Take it ice and easy over win­ter

If you don’t want to have prob­lems in the worst driv­ing con­di­tions, no-one is go­ing to blame you if you just stay at home, Dave Moore says.

South Waikato News - - SPORT -

Avoid driv­ing in snow and other treach­er­ous con­di­tions, es­pe­cially if you have lit­tle or no ex­pe­ri­ence of them. Never set off when it’s snow­ing or if it’s fore­cast to do so, be­cause it will only get worse be­fore it gets bet­ter. The same goes for driv­ing in other bad con­di­tions like fog, heavy rain and ice.

Con­sider al­ter­na­tives such as walk­ing or us­ing pub­lic trans­port if avail­able. Speak to your em­ployer in ad­vance about work­ing from home when weather is very bad, es­pe­cially if you live in a ru­ral area prone to snow or floods.

But if you think you might just HAVE to drive, be pre­pared. Make sure your ve­hi­cle is well main­tained, and tyres have a tread depth of at least 3mm. Check forecasts and plan your route to avoid roads likely to be more risky and al­low plenty of time. Pack a win­ter driv­ing kit in case you’re caught out. This should in­clude: an ice scraper or de-icer; torch; cloths; a blan­ket and warm clothes; food and drink; firstaid kit; shovel; and a high-vis vest. Al­ways take a fully charged phone in case of emer­gen­cies, but don’t be tempted to use it when driv­ing. If you’re ven­tur­ing out in snow with­out win­ter tyres and a set of chains at the ready – ex­pect a few ‘‘We-toldyou-sos’’ when and if you get back!

En­sure your win­dows are clean and clear, and that you have all-round vis­i­bil­ity be­fore you set off. Also take the time to clear snow off the roof of your car. Use your dipped head­lights and avoid fog­lights – they can cre­ate danger­ous glare in snow, ice, rain and sleet.

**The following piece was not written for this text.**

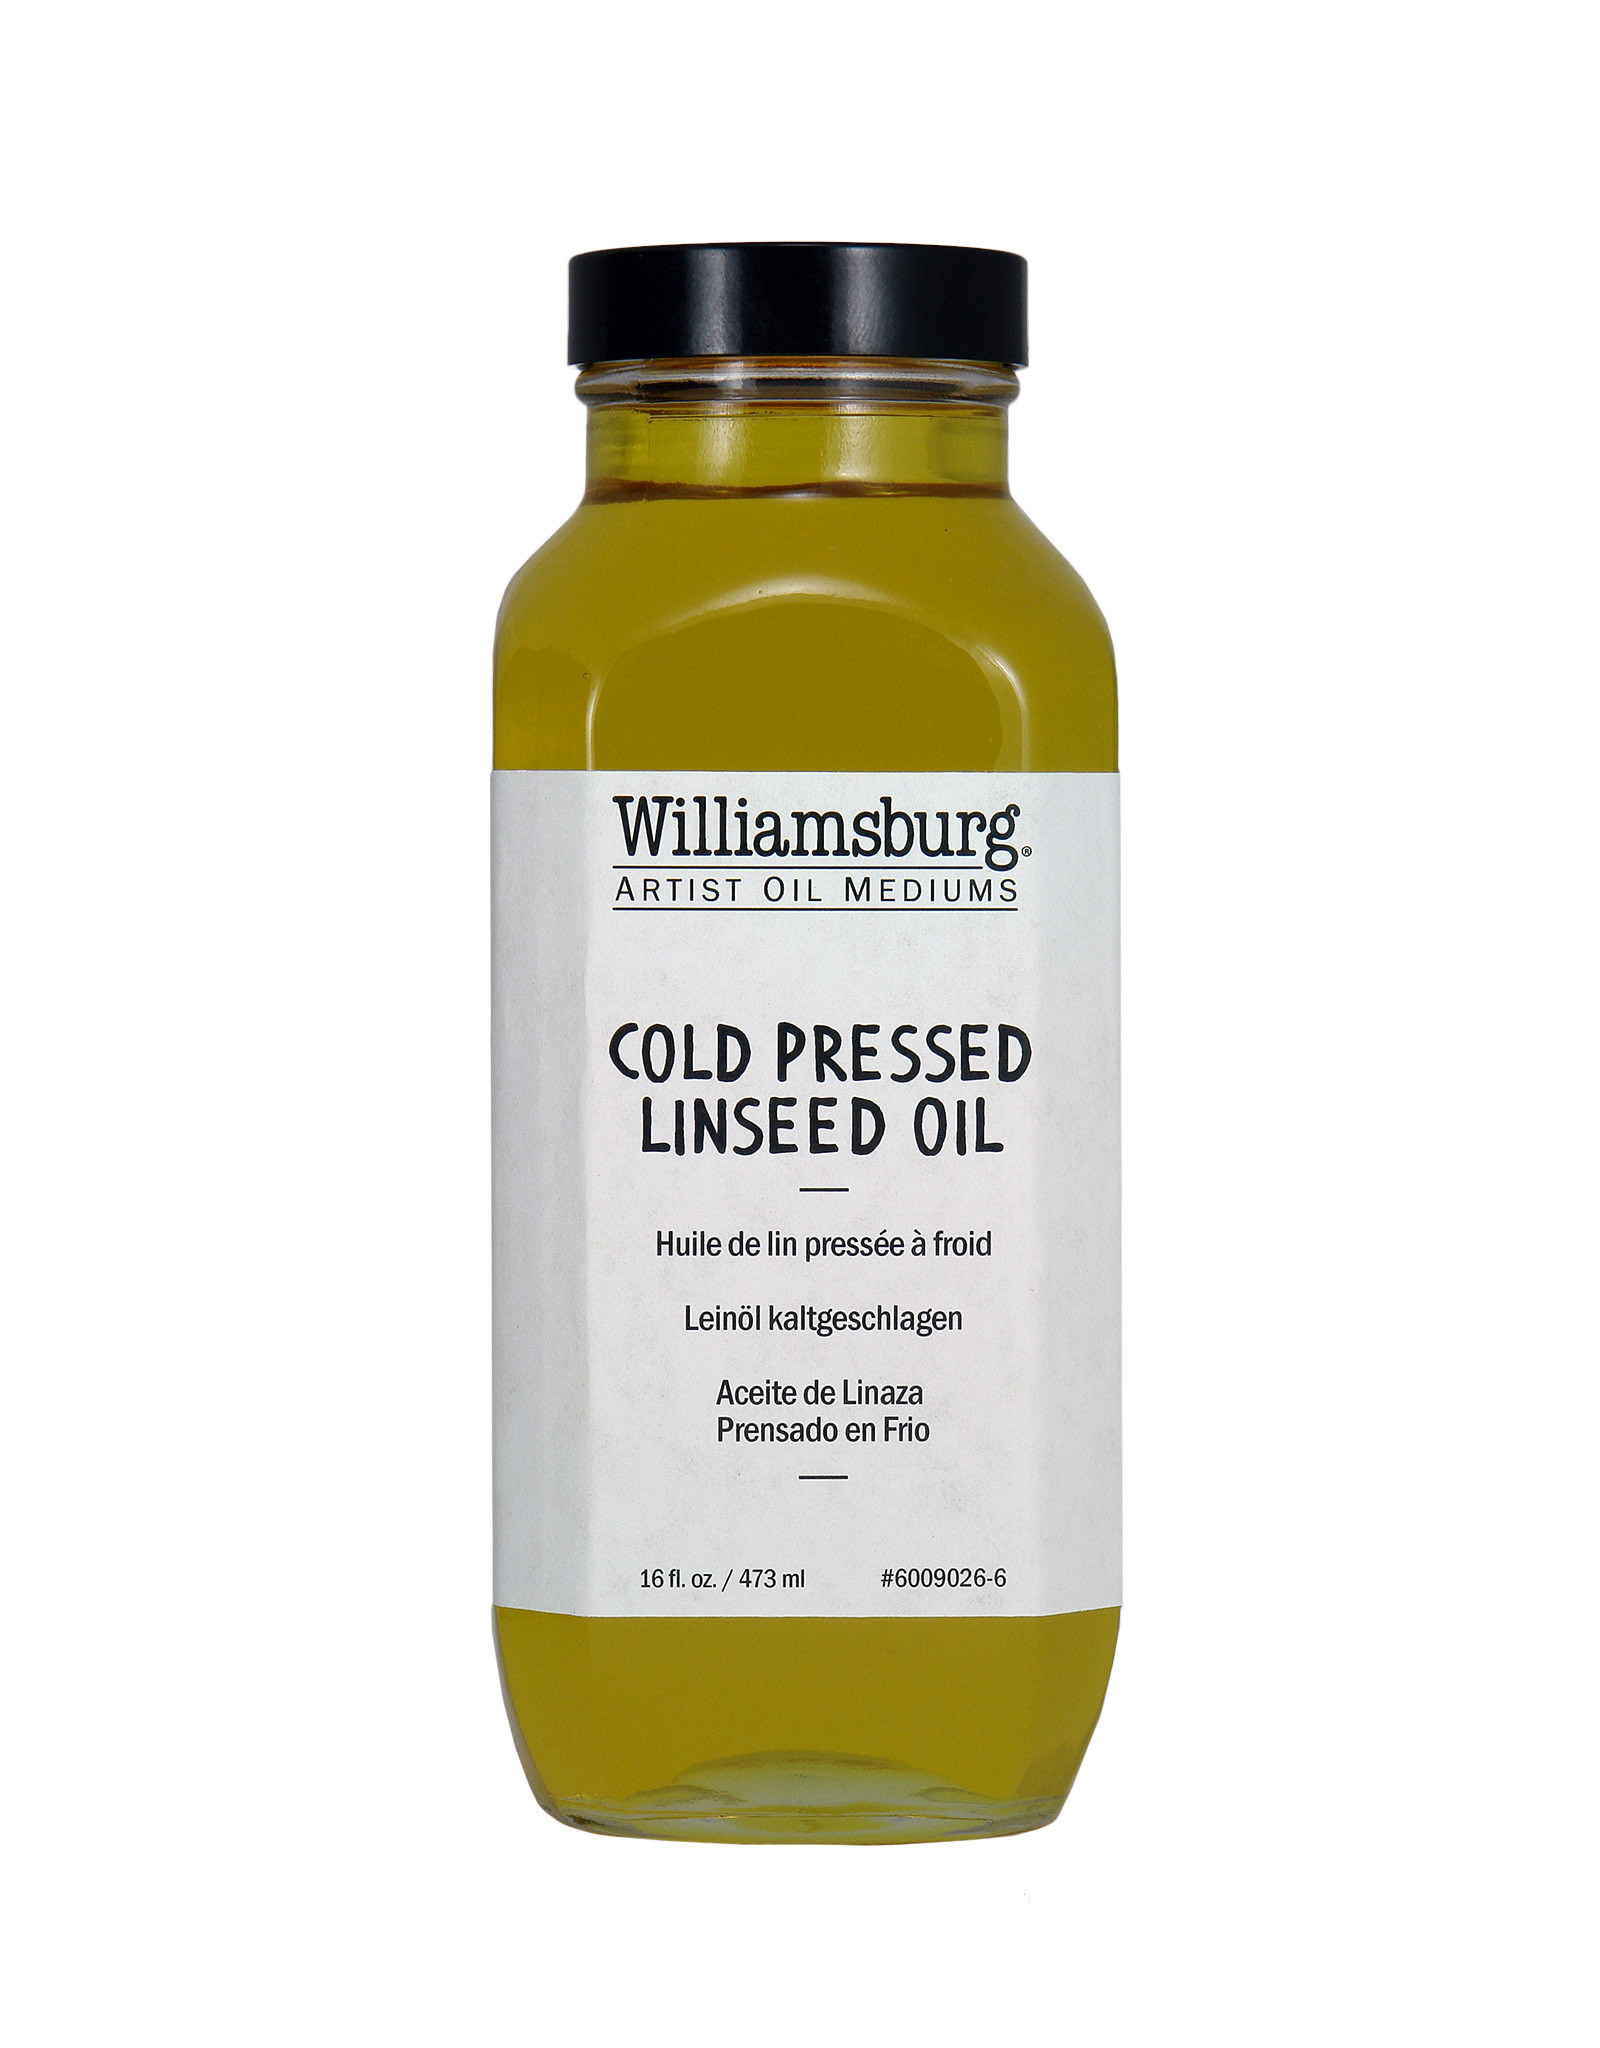 Golden Williamsburg Cold Pressed Linseed Oil 16oz

But most im­por­tantly, you need to slow right down and in­crease the dis­tance be­hind the ve­hi­cle in front. In rain your stop­ping dis­tance dou­bles, so keep a four sec­ond gap at least. In snow or icy con­di­tions stop­ping dis­tances in­crease by as much as 10 times so you need to drop right back. Keep a care­ful look out for peo­ple on foot and cy­clists who may be harder to spot. Avoid abrupt brak­ing and hard ac­cel­er­a­tion and carry out ma­noeu­vres slowly, smoothly and with ex­tra care.

When driv­ing in snow, get your speed right – not too fast that you risk los­ing con­trol but not so slow that you risk los­ing mo­men­tum when it is needed

If you get your­self into a skid, the main thing to re­mem­ber is to take your foot off the ped­als and steer into the skid. Only use the brake if you can­not steer out of trou­ble.

Bends are a par­tic­u­lar prob­lem when icy – slow down be­fore you get to the bend, so that by the time you turn the steer­ing wheel you have al­ready lost enough speed.

On a down­hill slope get your speed low be­fore you start the de­scent, and do not let it build up – it is much eas­ier to keep it low than to try to slow down once things get slip­pery.

The most im­por­tant mes­sage is to err on the side of cau­tion and not drive if it is snow­ing, fore­cast to snow, or if there are other po­ten­tially deadly con­di­tions.

If the worst hap­pens:

Keep track of where you are. If you have to call for as­sis­tance, you need to be able to tell the break­down or emer­gency ser­vices your lo­ca­tion.

If you must leave your ve­hi­cle for any rea­son, find a safe place to stand away from the traf­fic flow. If you have just lost con­trol, the next driver could well do the same in the same place.

If you break down or have to pull over on a main road, it is al­ways bet­ter to leave your ve­hi­cle and stand a short dis­tance to the safe side of it. Don’t stand in front of it if at all pos­si­ble. Bal­anc­ing the risks of a col­li­sion and hy­pother­mia is some­thing that de­pends en­tirely on your sit­u­a­tion.